En 1924, Sabina Spielrein retourne dans sa ville natale, Rostov-​sur-​le-​Don avec son mari et leurs deux filles. Elle sou­haite impor­ter la psy­cha­na­lyse dans la Russie sovié­tique. Elle exerce comme méde­cin géné­ra­liste, tout en s’occupant d’enfants délin­quants qu’elle traite par la psy­cha­na­lyse. Un tra­vail qui fera d’elle l’une des pion­nières de cette approche des enfants et de l’analyse du déve­lop­pe­ment enfan­tin de la psyché. 

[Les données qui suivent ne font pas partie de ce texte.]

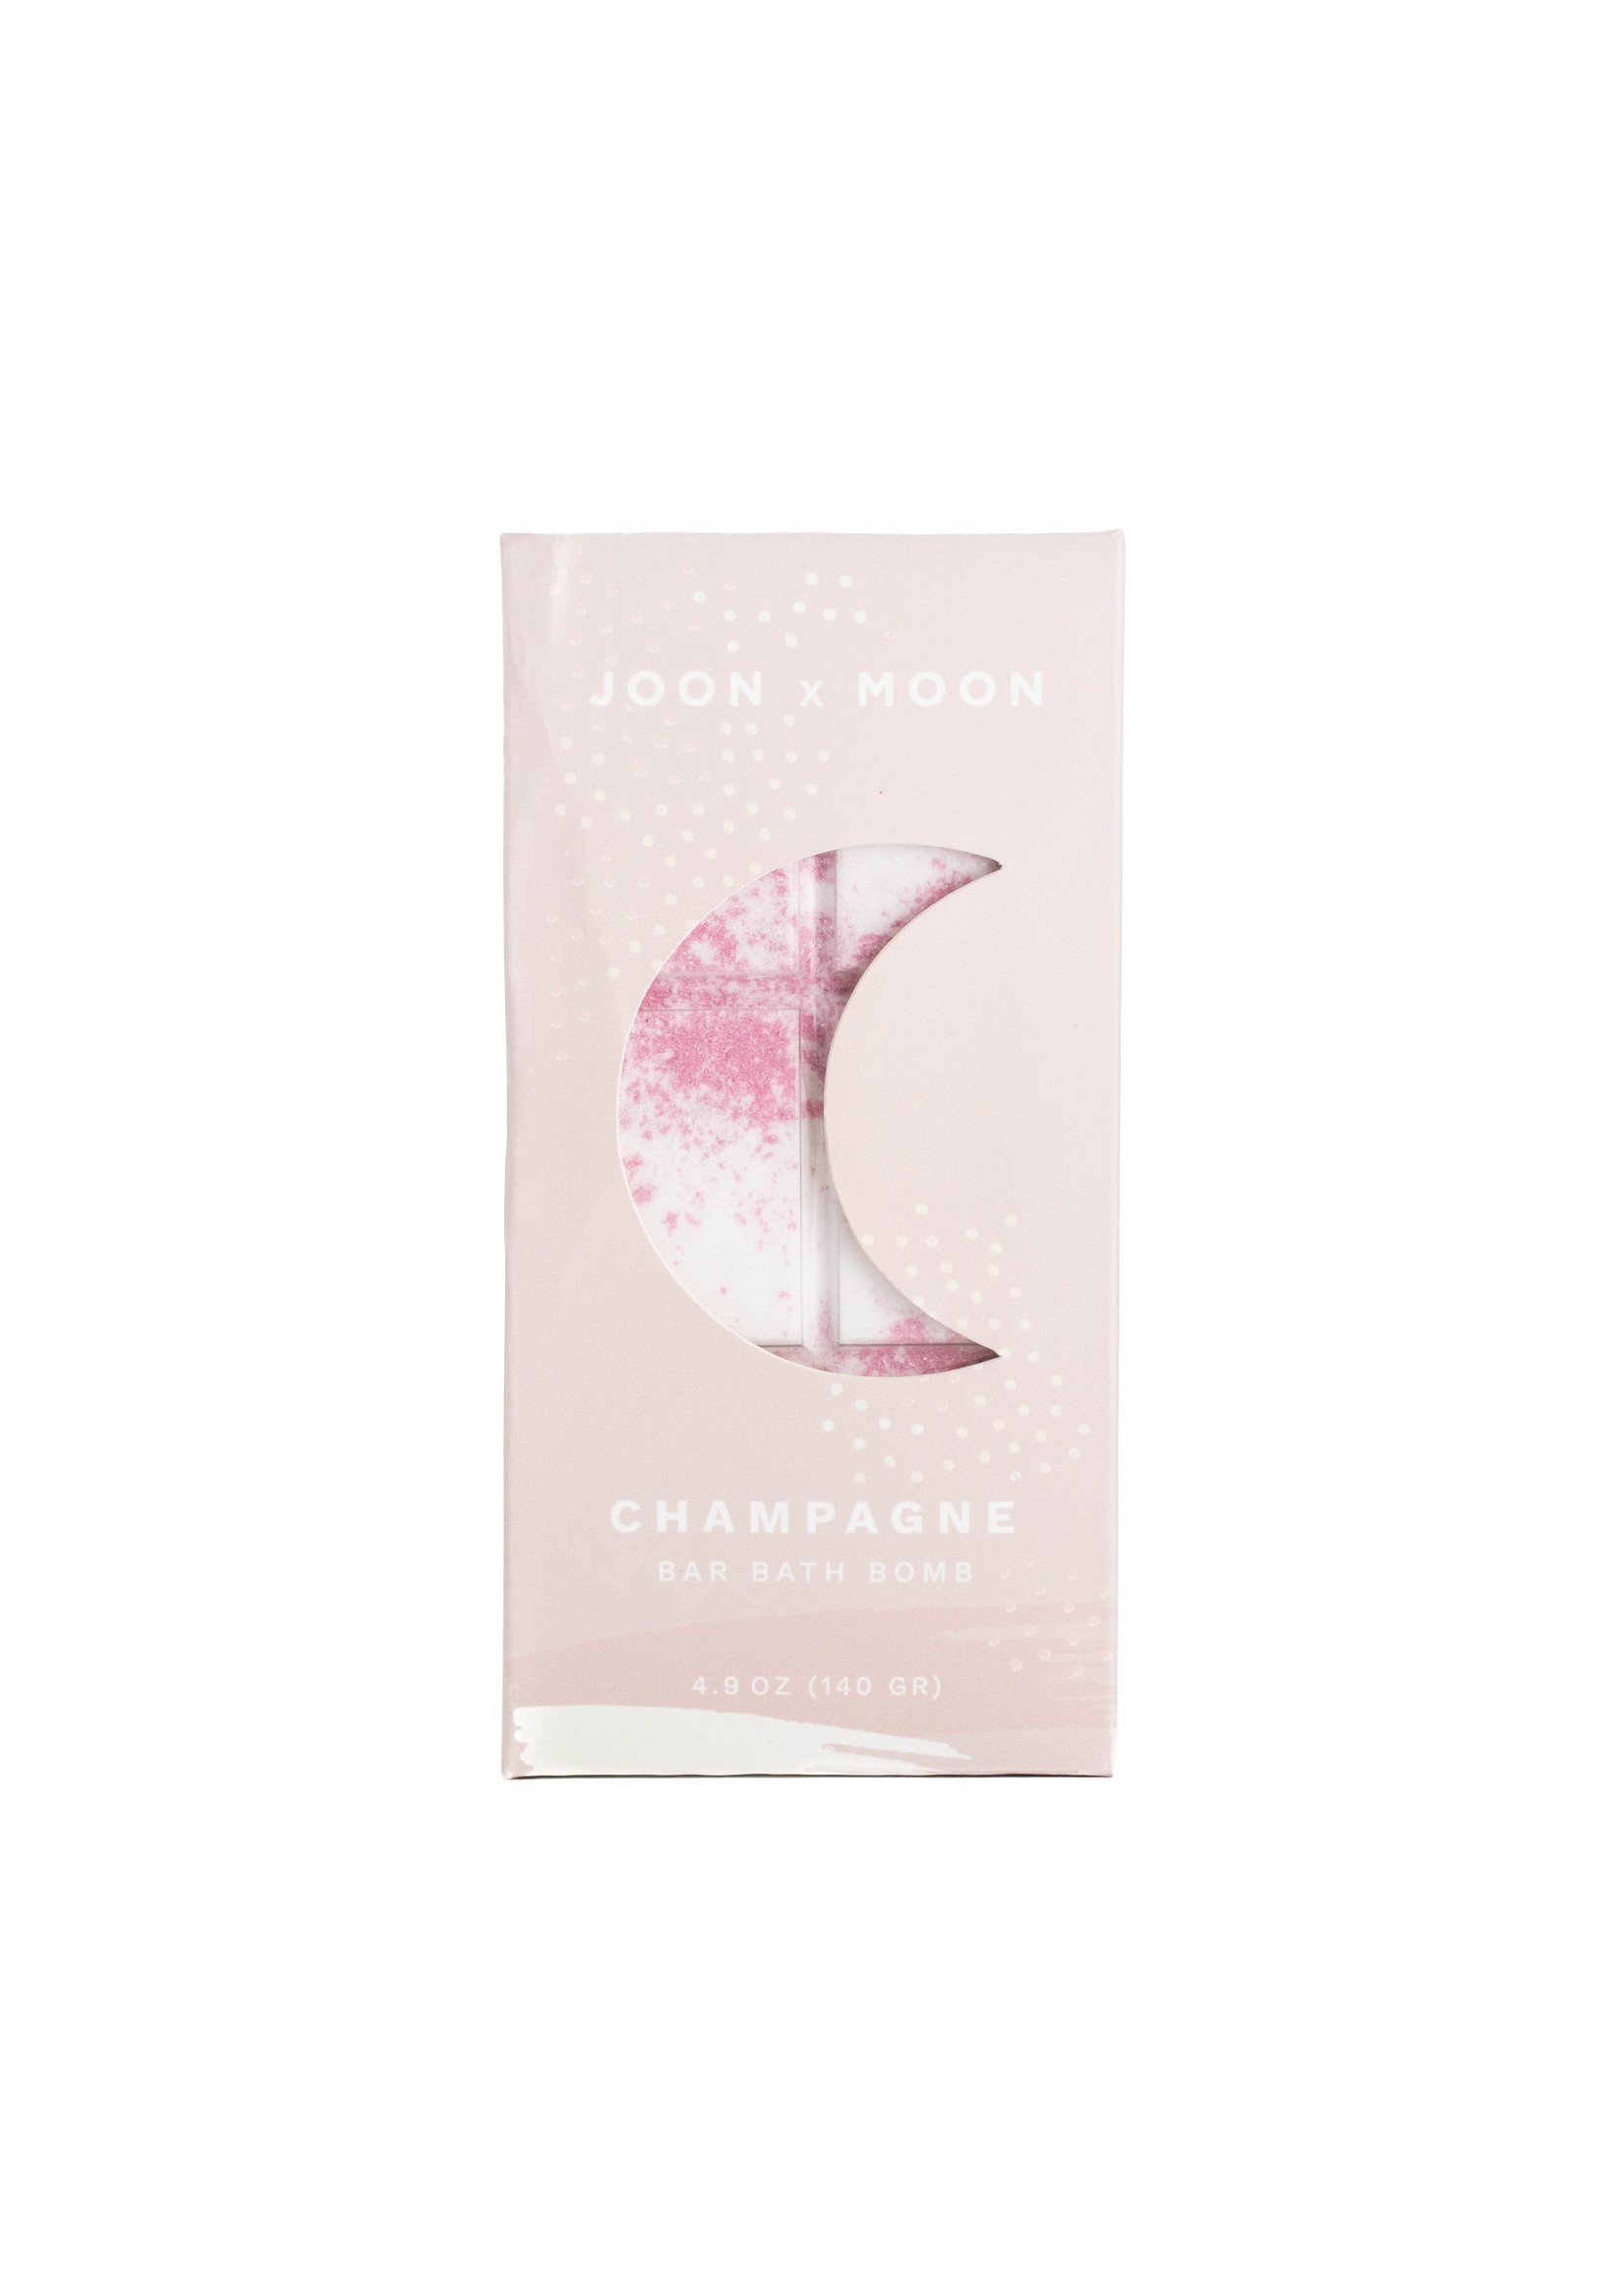 JOON x MOON Champagne Bar Bath Bomb

Sabina Spielrein meurt fusillée, lors du mas­sacre par les nazis de la popu­la­tion juive de Rostov-​sur-​le-​Don en août 1942. Pendant long­temps, elle est can­ton­née aux notes de bas de page des publi­ca­tions de Freud et de Jung. En 1977, ses textes manus­crits sont décou­verts dans les sous-​sols de l’Institut de psy­cho­lo­gie de Genève, où elle ensei­gna. Sa cor­res­pon­dance avec le dis­ciple et le maître sera publiée bien plus tard et consti­tue­ra une trace pré­cieuse des pre­miers moments de la psy­cha­na­lyse. Son apport théo­rique consi­dé­rable influen­ça notam­ment les car­rières de Melanie Klein, Anna Freud, Jean Piaget et Donald Winnicott. 

En 2018, sa vie ins­pire à l’autrice Violaine Gelly la bio­gra­phie inti­tu­lée La vie déro­bée de Sabina Spielrein, dans laquelle elle tente de lui rendre la place qu’elle mérite, au-​dessus de la bataille d’ego entre Jung et Freud.